Ranked in these QuestionsQuestion Ranking
Pro Friendly and open community
Salt has an impressive welcoming and active community of users. There are user groups all over the world (Stockhom, Silicon Valley, Paris, and lots more), and an active live chat.
Pro Easy to read output
Salt's configuration files and setups are organized into YAML files. This makes them very easy to read and understand since YAML is considered very readable.
Pro Agentless via SSH is an option
Salt can run agentless just like ansible, allowing it to manage devices that you can't run an agent on (routers/switches, etc).
Pro Communicates through SSH or agents
Salt can communicate with clients through agents called minions, or through SSH.

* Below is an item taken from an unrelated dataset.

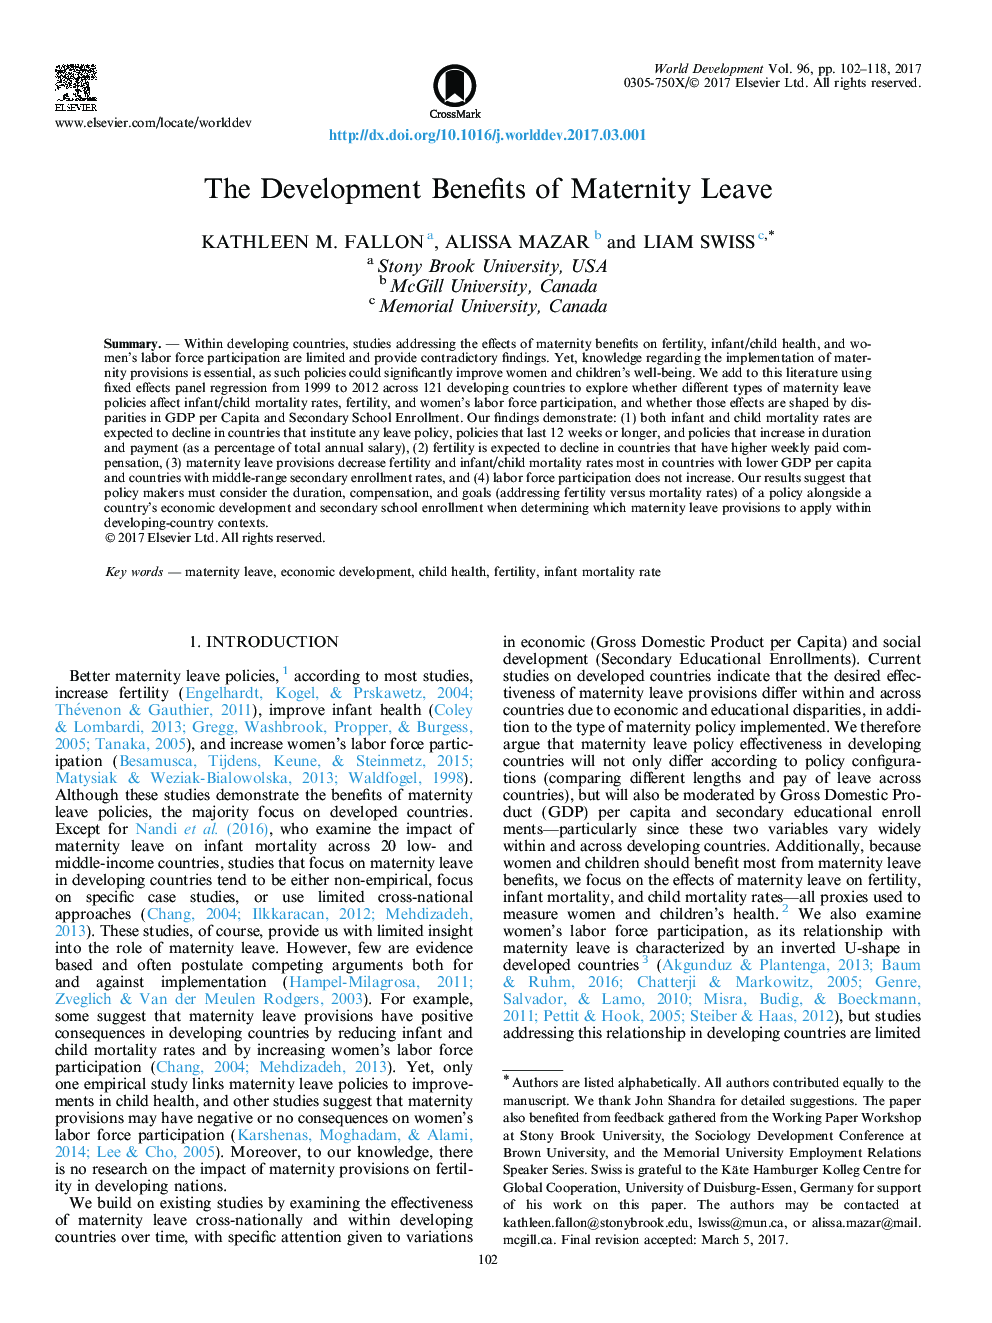 The Development Benefits of Maternity Leave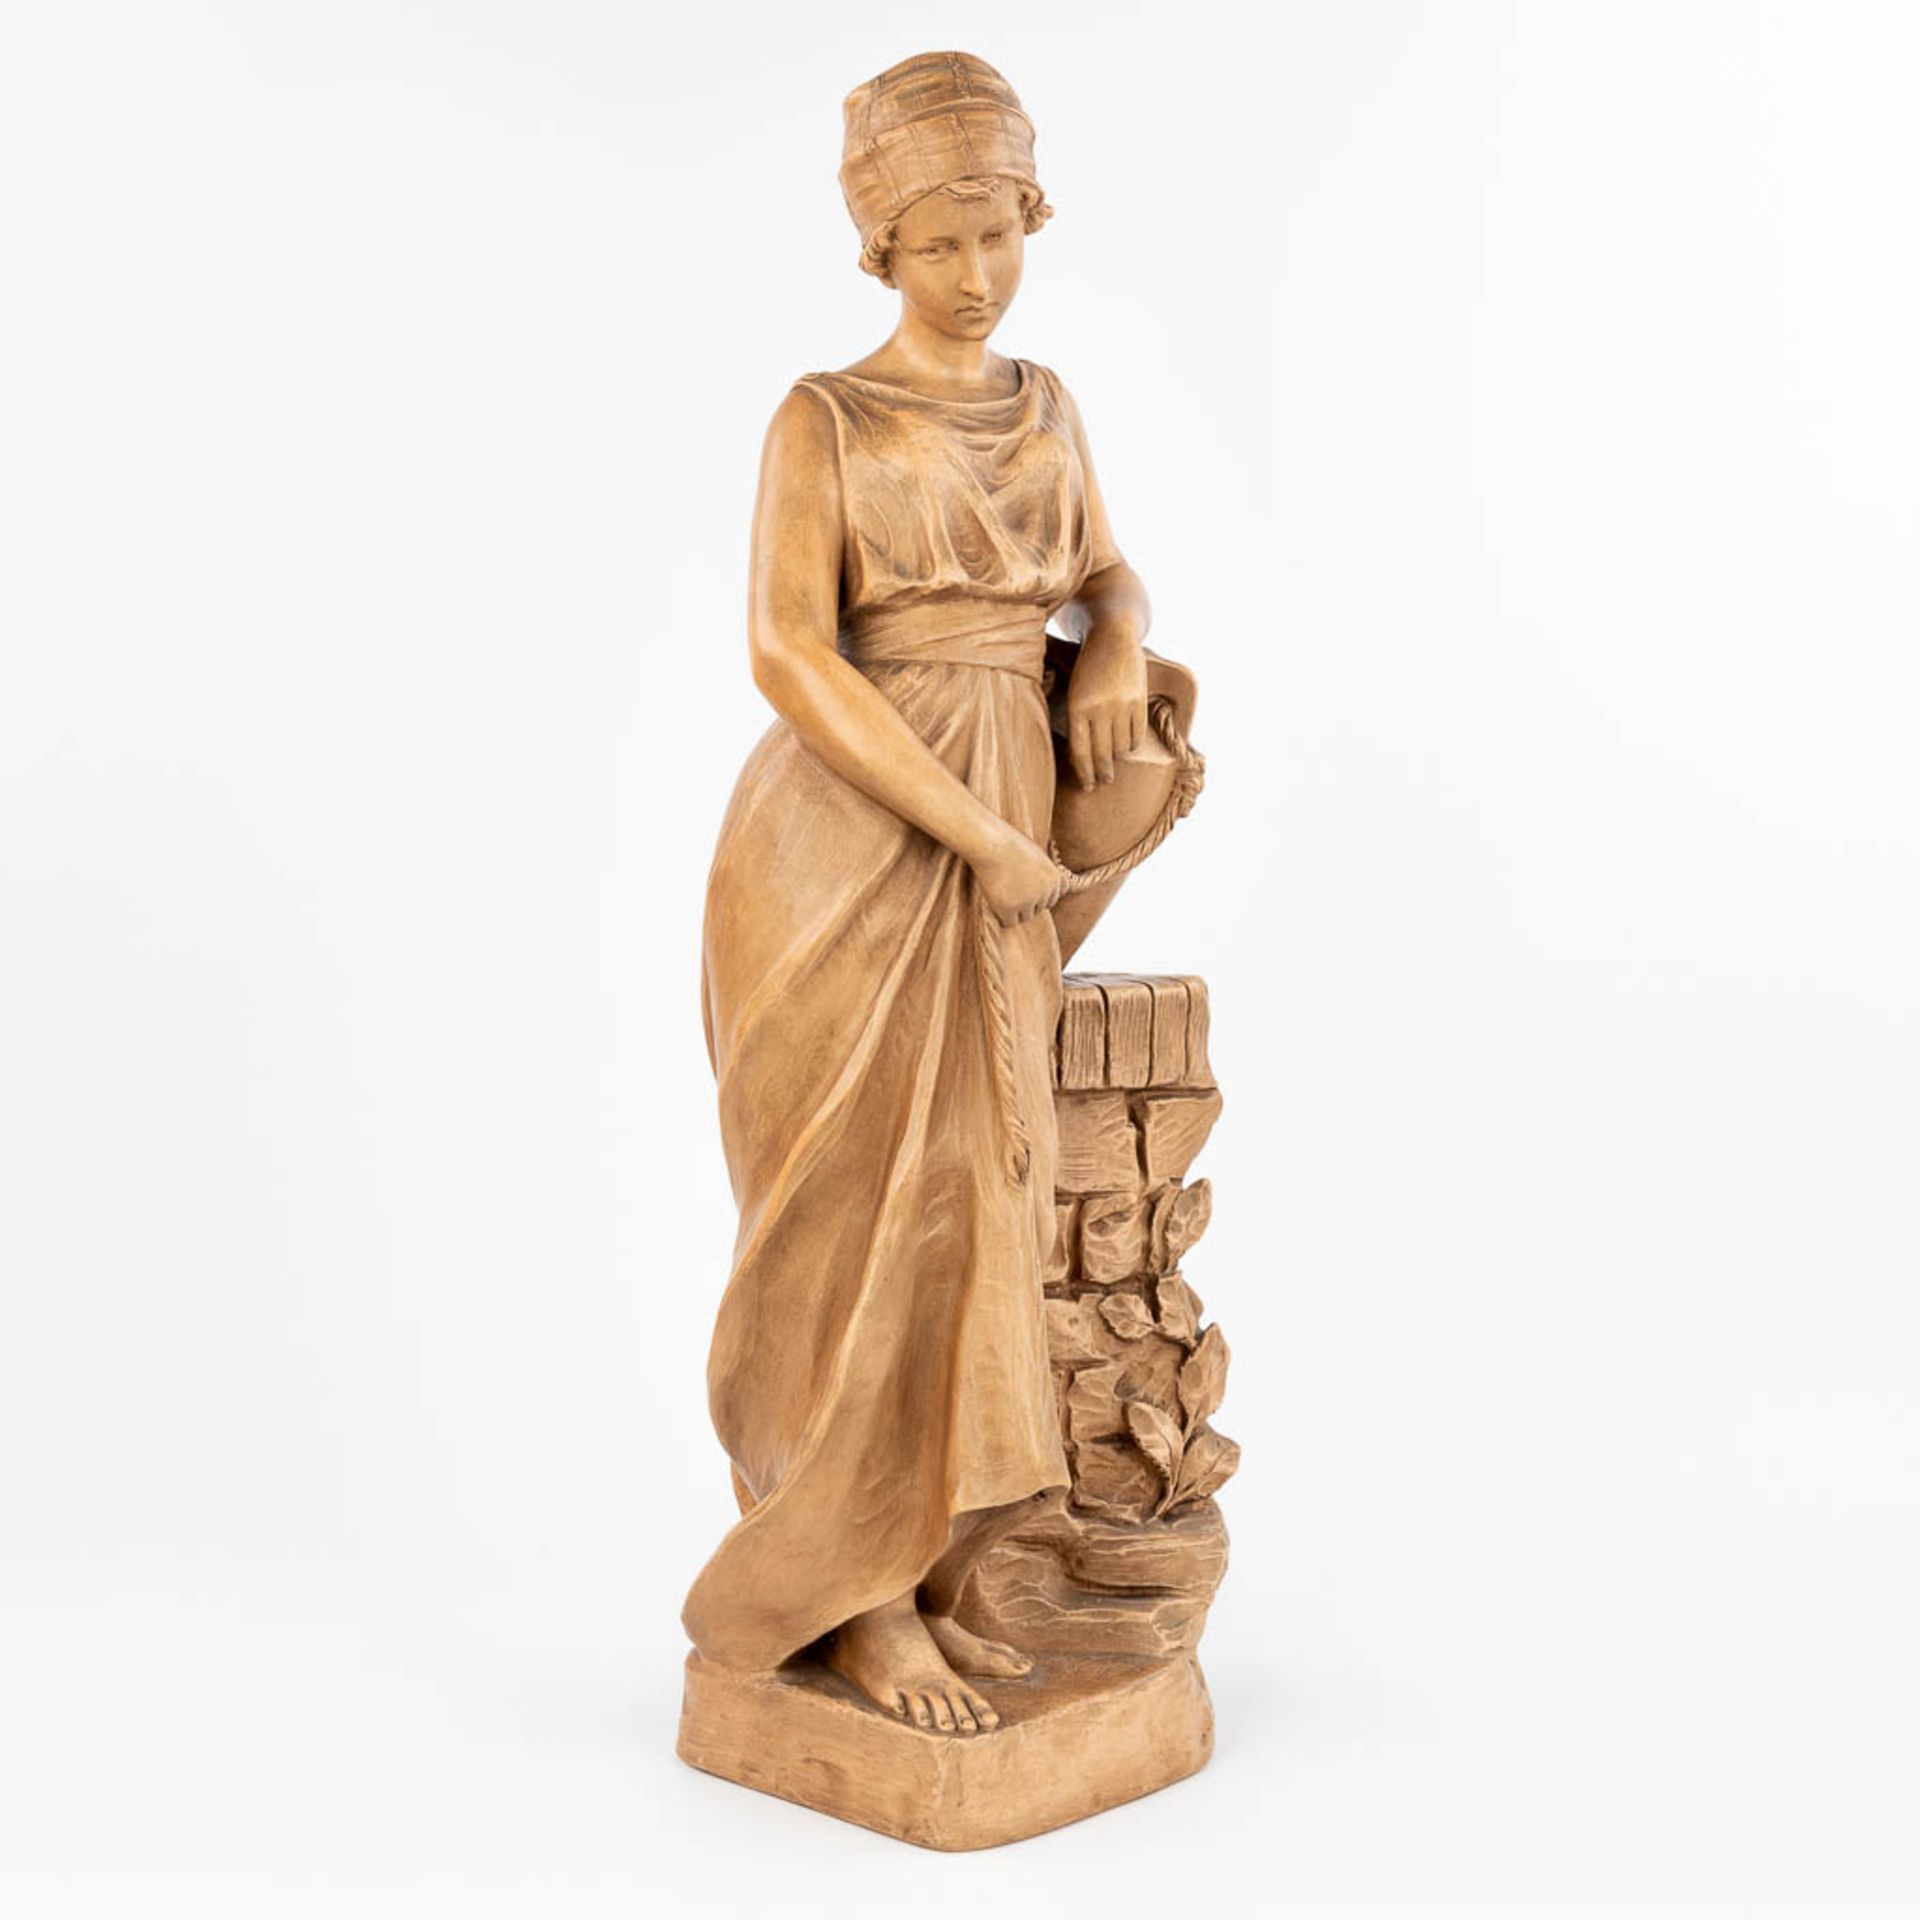 Richard AURILI (1834-c.1914) 'The Water carrier,' a figurine made of terracotta. (H:75,5 cm) - Image 5 of 12

With Salt you can have multiple layers of masters which result in an arrangement which distributes load and increases redundancy. Upstream masters can then control downstream masters and their minions.
Salt has support for Windows, Linux and Unix. Though it's fair to say that it's easier to use and it's more useful in Unix and Linux systems.
Pro Fast execution of commands
Salt works around a Salt master which has multiple agents (Salt minions) that have a persistent connection to the master. Because of this persistent connection, commands to the master are fast to reach the minions. Furthermore, the minions also save various data to the cache in order to make execution faster.
When compared against other tools to run the same actions, Salt almost always completes the actions in significantly less time.
Pro Declarative sematic
You define the state the server should be in and Puppet transforms it that state. This is opposed to explicitly declaring a list of actions to be performed.
If a developer wants more flexibility and control there's always the option of falling back to explicitly running commands but that's discouraged.
Pro Broad cross-platform support
Puppet is supported on a wide range of operating systems. See the Docs for a complete list.
Pro Exceptional enterprise support
Puppet Enterprise is used by 75 of the fortune 100 companies.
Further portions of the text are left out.